You can see which expression metric ENCODExplorer extracted using the
`metric()` method.
```{r query_gene_expression_metric, collapse=TRUE}
metric(res)
```

Per gene/transcript values for all metrics are available through the
`metric_data()` method:
```{r query_gene_expression_metric_data, collapse=TRUE}
head(metric_data(res))
```

You can also get a list of the raw ENCODE files by calling the `raw_data()`
method.
```{r query_gene_expression_raw_data, collapse=TRUE}
head(raw_data(res)[[1]][[1]])
```

## Fine tuning expression summaries

Just as it is the case for ChIP-seq assays, it can sometimes be easier for the
user to perform filtering of the ENCODE results manually. For thse cases, 
ENCODExplorer provides the `buildExpressionSummary` method.

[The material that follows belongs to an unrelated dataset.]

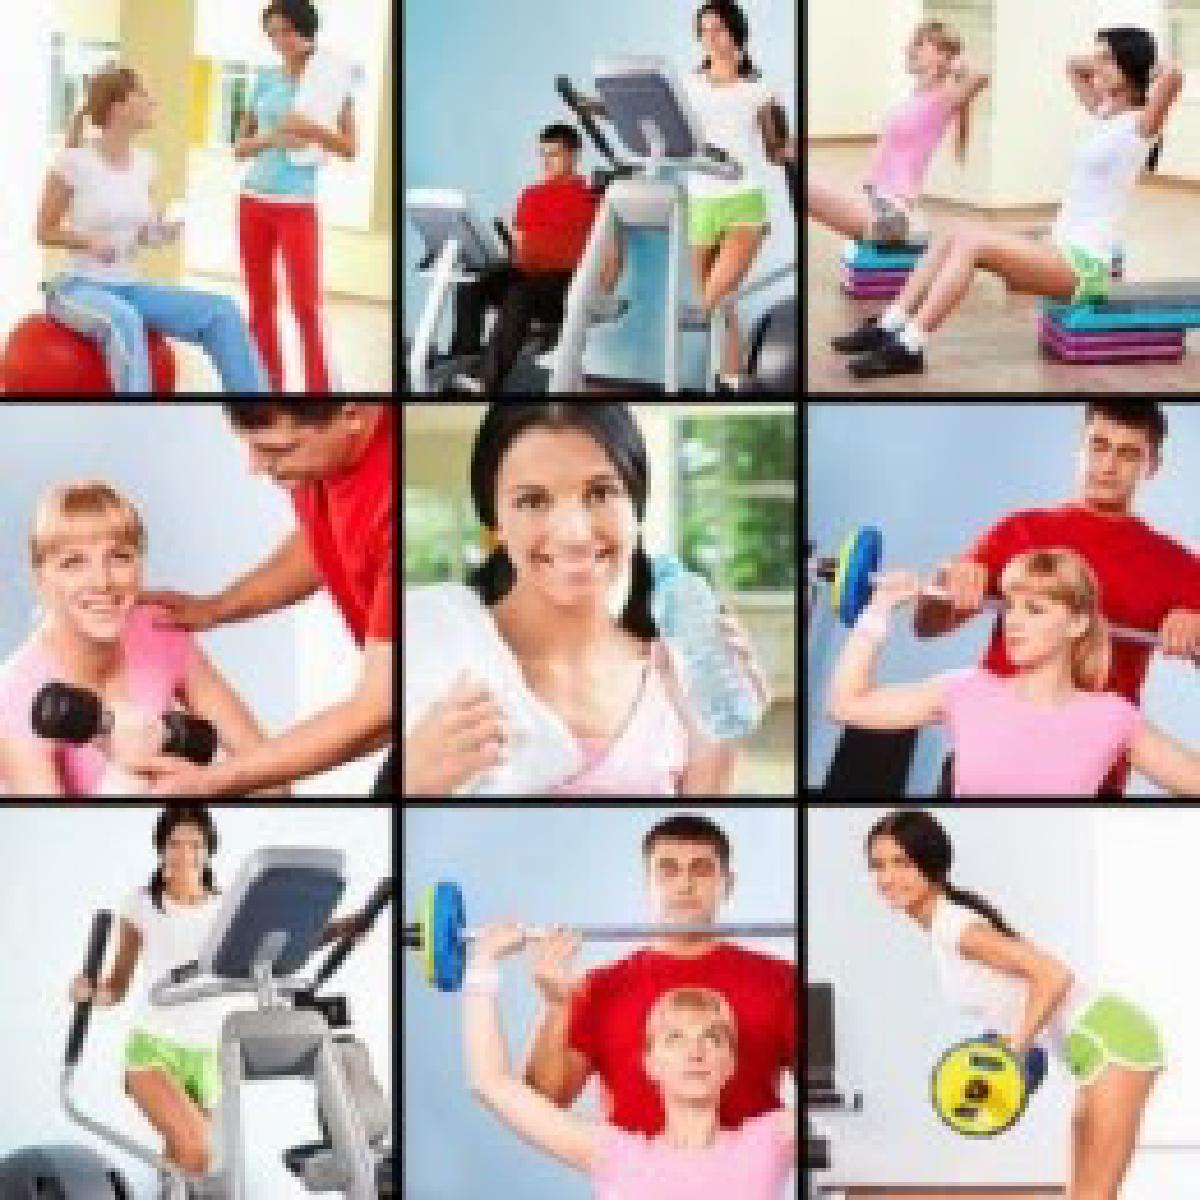 Διάφορα είδη άσκησης και γυμναστικής

```{r build_expression_summary, collapse=TRUE}
query_results = queryEncodeGeneric(biosample_name="neural tube", 
                                   output_type="gene quantifications",
                                   file_type="tsv",
                                   assay="polyA plus RNA-seq",
                                   assembly="^mm10$",
                                   dataset_biosample_summary="(15.5|13.5)",
                                   fixed=FALSE)
                                   
buildExpressionSummary(query_results, split_by="dataset_biosample_summary")                                   
```

## Interactive mode

`queryConsensusPeaks`, `queryGeneExpression` and `queryTranscriptExpression` all
make educated guesses about the assembly, assay and sample types to be used for
generating the summaries. However, by setting the `use_interactive` argument to 
`TRUE`, a user can take direct control of some these choices.

```{r query_expression_interactive, eval=FALSE}
queryGeneExpression("neural tube", use_interactive=TRUE)
```

# Updating the ENCODE file database

By default, ENCODExplorer retrieves the ENCODE metadata from its sister
package, `r Biocpkg("ENCODExplorerData")`. The version of the metadata provided
by default will be updated with each Bioconductor release in the
`ENCODExplorer` package. However, since all of ENCODExplorer's function take an
explicit `df` parameter, it is possible to use the `r Biocpkg("AnnotationHub")`
package to download a more recent version:

```{r ah, message=FALSE}
require(AnnotationHub)
ah = AnnotationHub()
query(ah, "ENCODExplorerData")
```

Finally, it is also possible to use `r Biocpkg("ENCODExplorerData")`
functionalities to generate an up-to-date `data.table`, and pass it to
`ENCODExplorer`'s functions.

We refer the user to the `r Biocpkg("ENCODExplorerData")` vignettes for details
on how to generate an up-to-date `data.table`.